Сольвейг была деревушкой маленькой — всего два десятка домов, сложенных из серого камня и бруса, стоящего не одно поколение. Крыши покрывала солома, местами подлатанная мхом, а узкие окна смотрели на море. Тропинки между домами, утоптанные босыми ногами детей и тяжёлыми сапогами рыбаков, вились среди низких заборов, вдоль которых росли кусты шиповника с алыми ягодами, блестящими на солнце, как рубины. У берега покачивались лодки — небольшие, выкрашенные в белый и синий, с потёртыми бортами. Сети, растянутые на кольях, сохли под ветром, их узлы были завязаны крепкими руками, а рядом стояли корзины с уловом — серебристые рыбины, поблескивающие чешуёй, пойманные на рассвете.

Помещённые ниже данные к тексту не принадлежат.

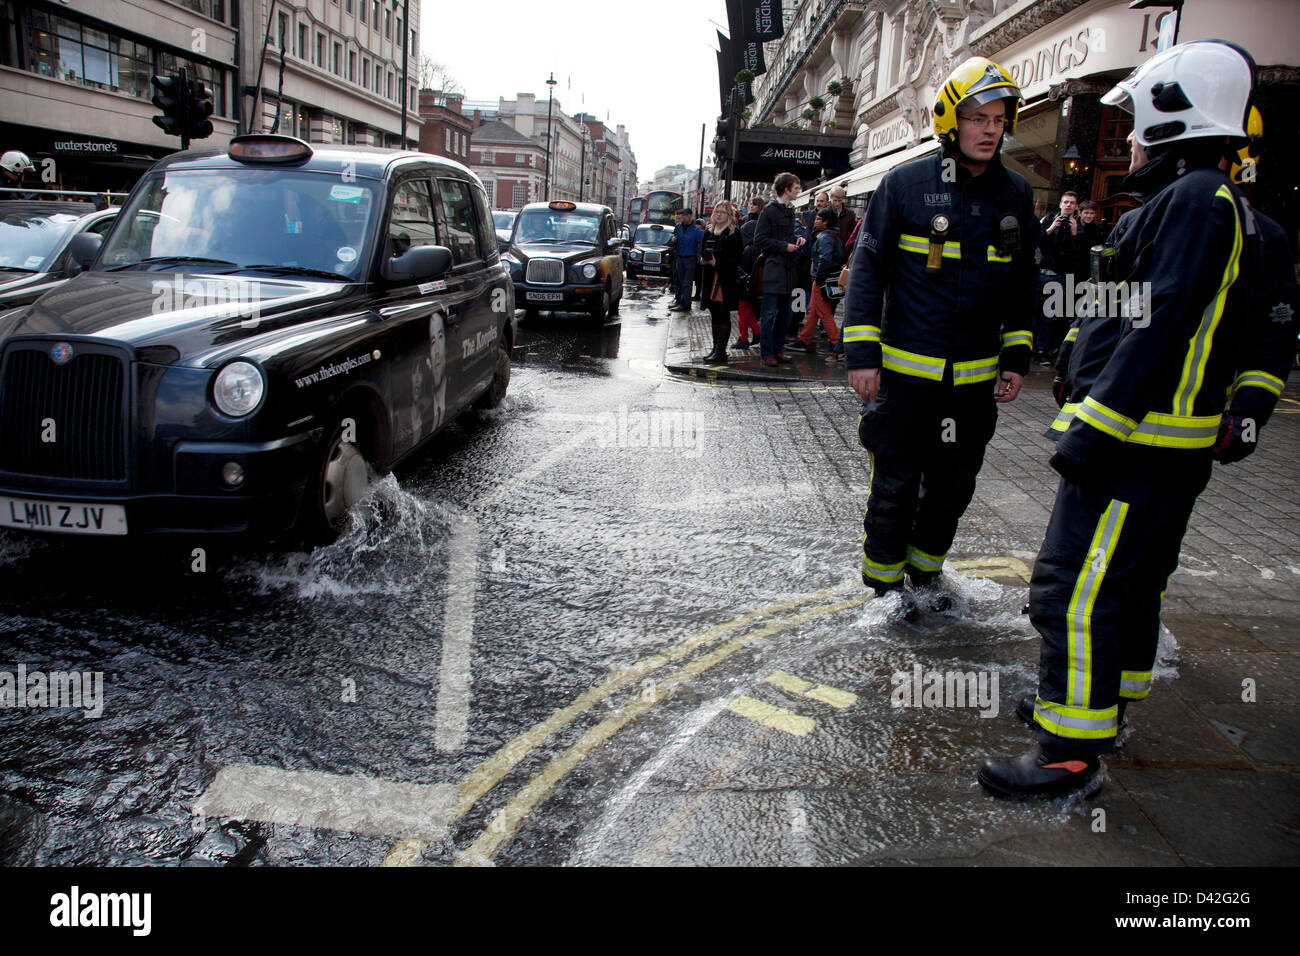 London, UK. Saturday 2nd March 2013. Burst water main causes flooding disruption in central London. Emergency services on hand at the scene. Stock Photo
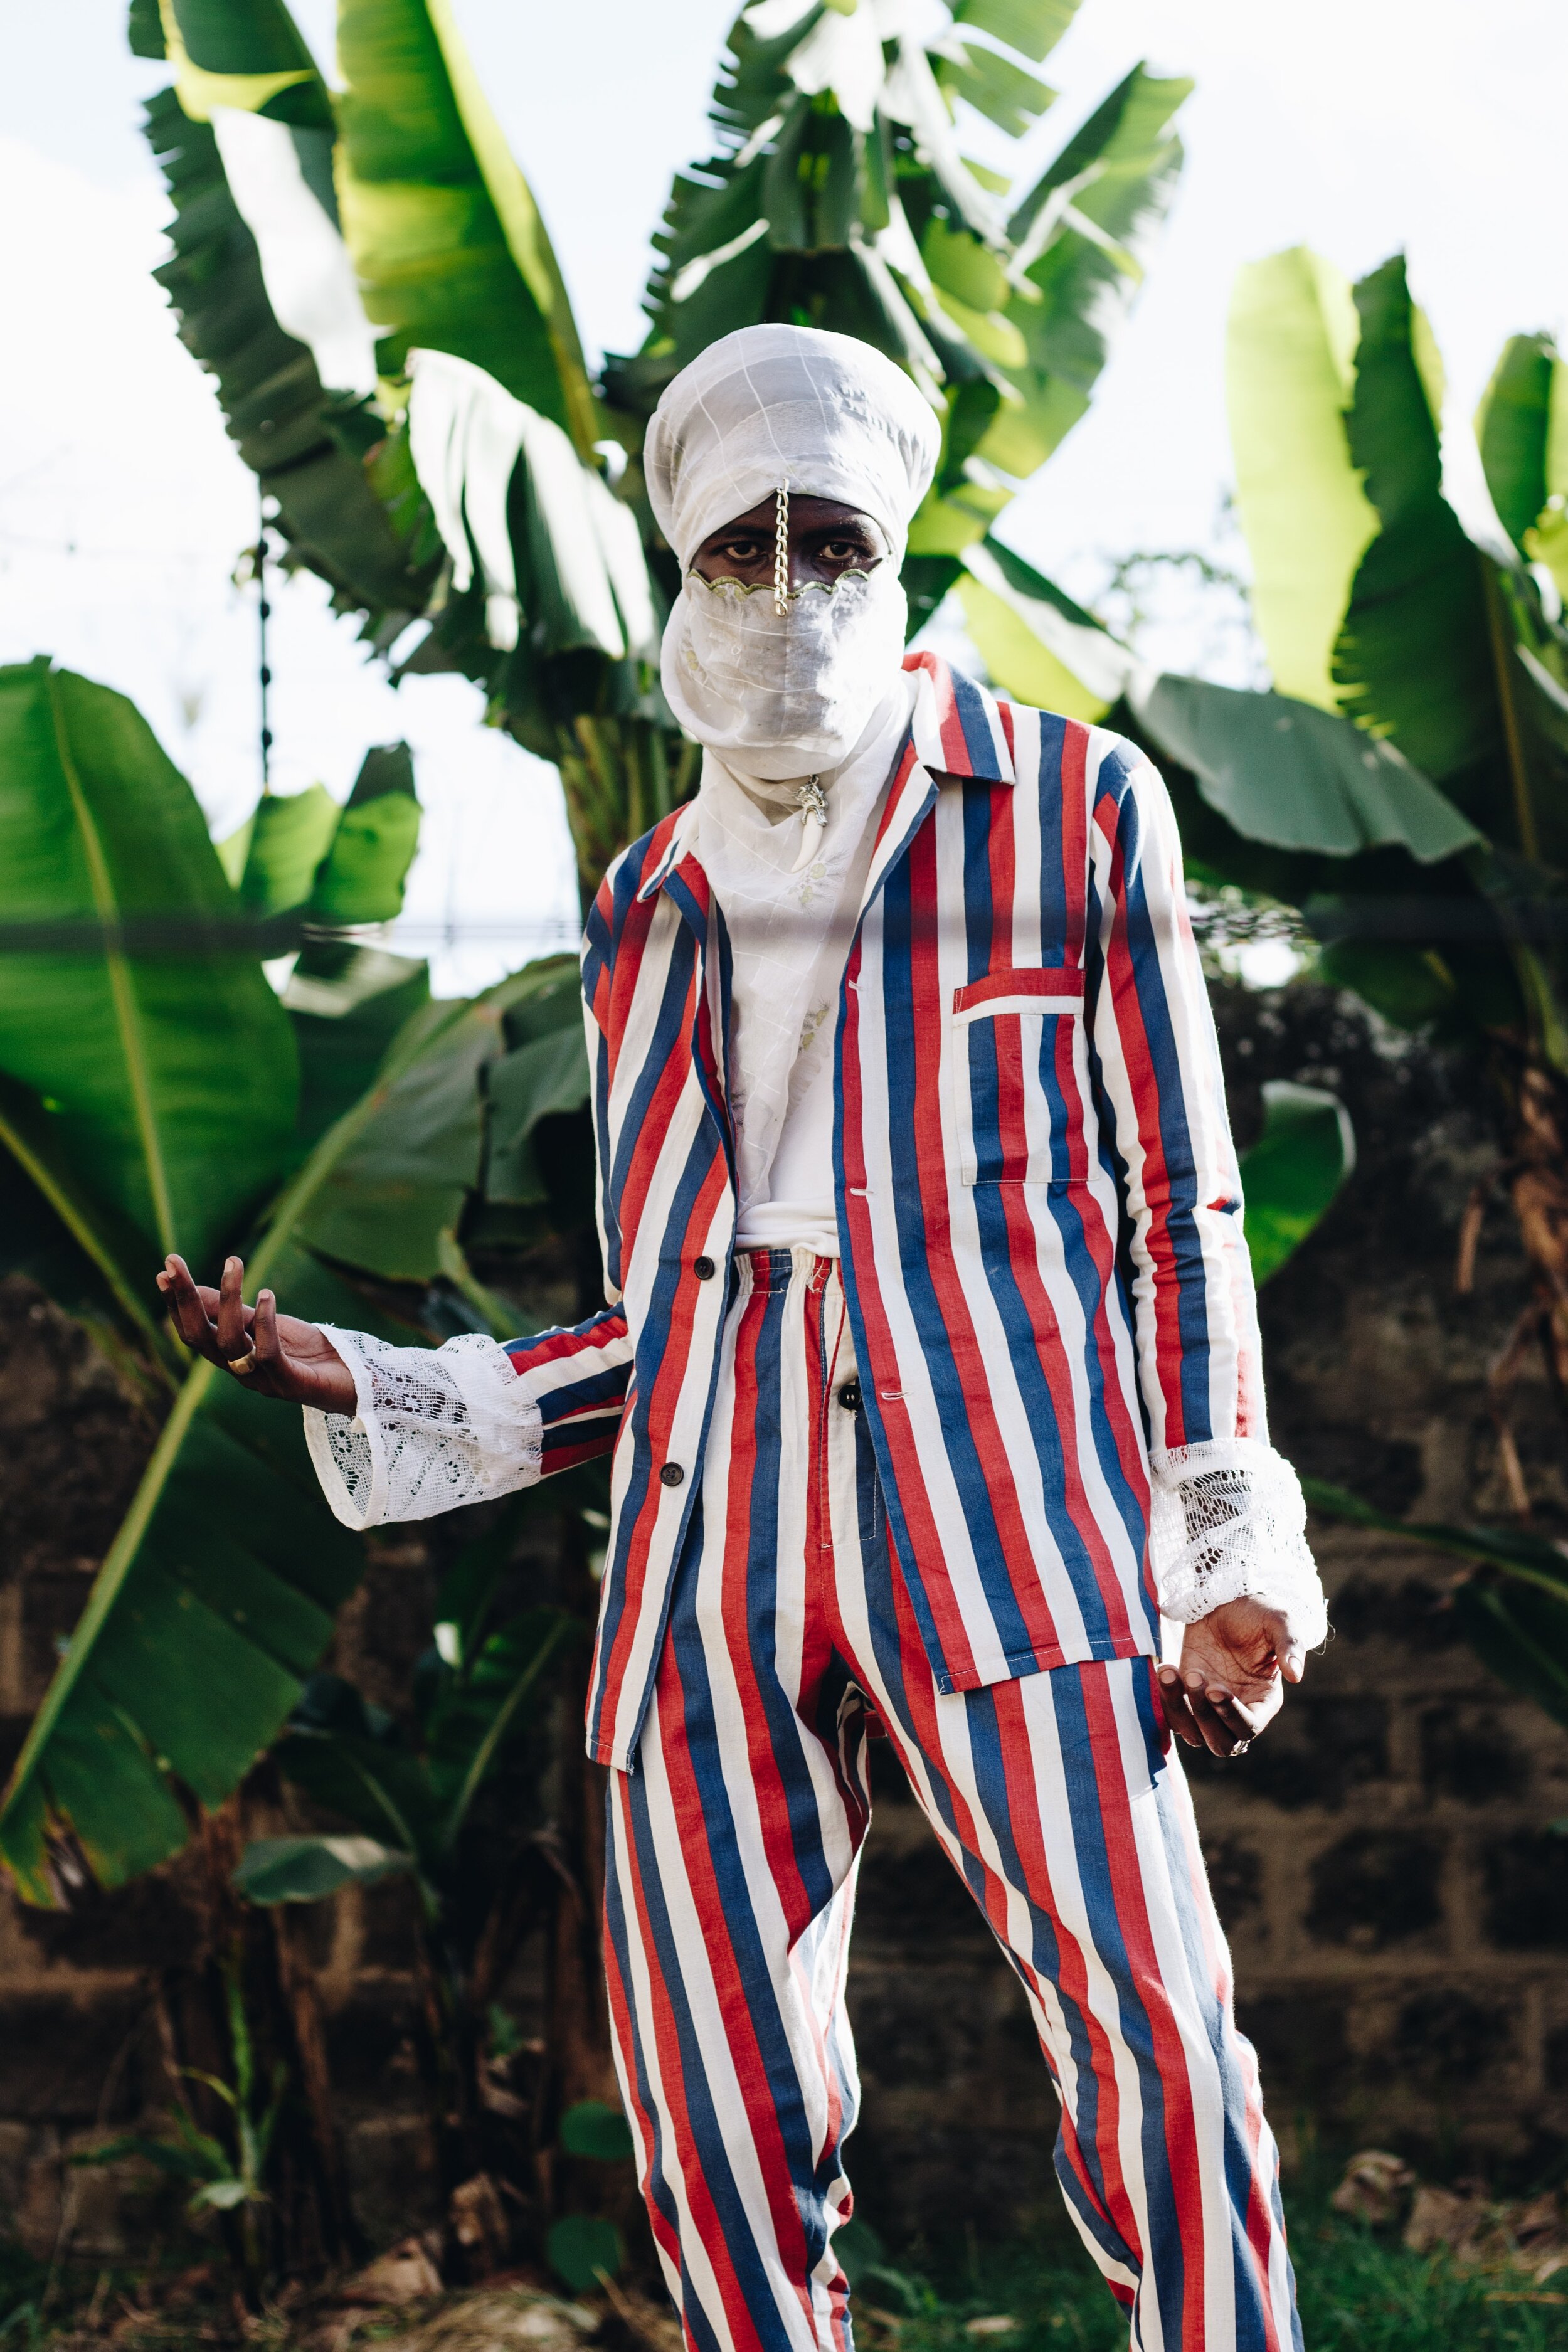 man-in-blue-white-and-red-striped-suit-standing-near-banana-2297592.jpg

Жители Сольвейга жили в ладу с морем, их быт был прост и неизменен, как приливы. Их было немного — мужики, чинящие сети у порога, перебирая верёвки натруженными пальцами; женщины, варящие похлёбку из рыбы, картошки и трав, собранных на склонах, и дети бегали вдоль берега, собирая ракушки и гладкие камни, отшлифованные волнами до блеска. Утром мужчины уходили в море — их лодки скользили по воде, как тени, оставляя за собой рябь, а женщины разводили очаги, дым от которых поднимался к небу тонкими струйками, смешиваясь с солёным воздухом. Днём деревня оживала — стук топоров раздавался из-за сараев, где рубили дрова, плеск воды звучал у колодца, где девушки набирали вёдра, а смех малышей, игравших в прятки за стогами сена, звенел, как колокольчики. К вечеру все собирались у длинного стола под навесом у берега — ели хлеб с солью, запивали травяным настоем из глиняных кружек и слушали рассказы стариков о бурях, что унесли лодки, и морских духах, поющих в тумане. Жизнь текла спокойно, каждый день был похож на предыдущий, но в этом была своя прелесть — покой, который не нарушали ни войны, ни происходящее в далёких городах.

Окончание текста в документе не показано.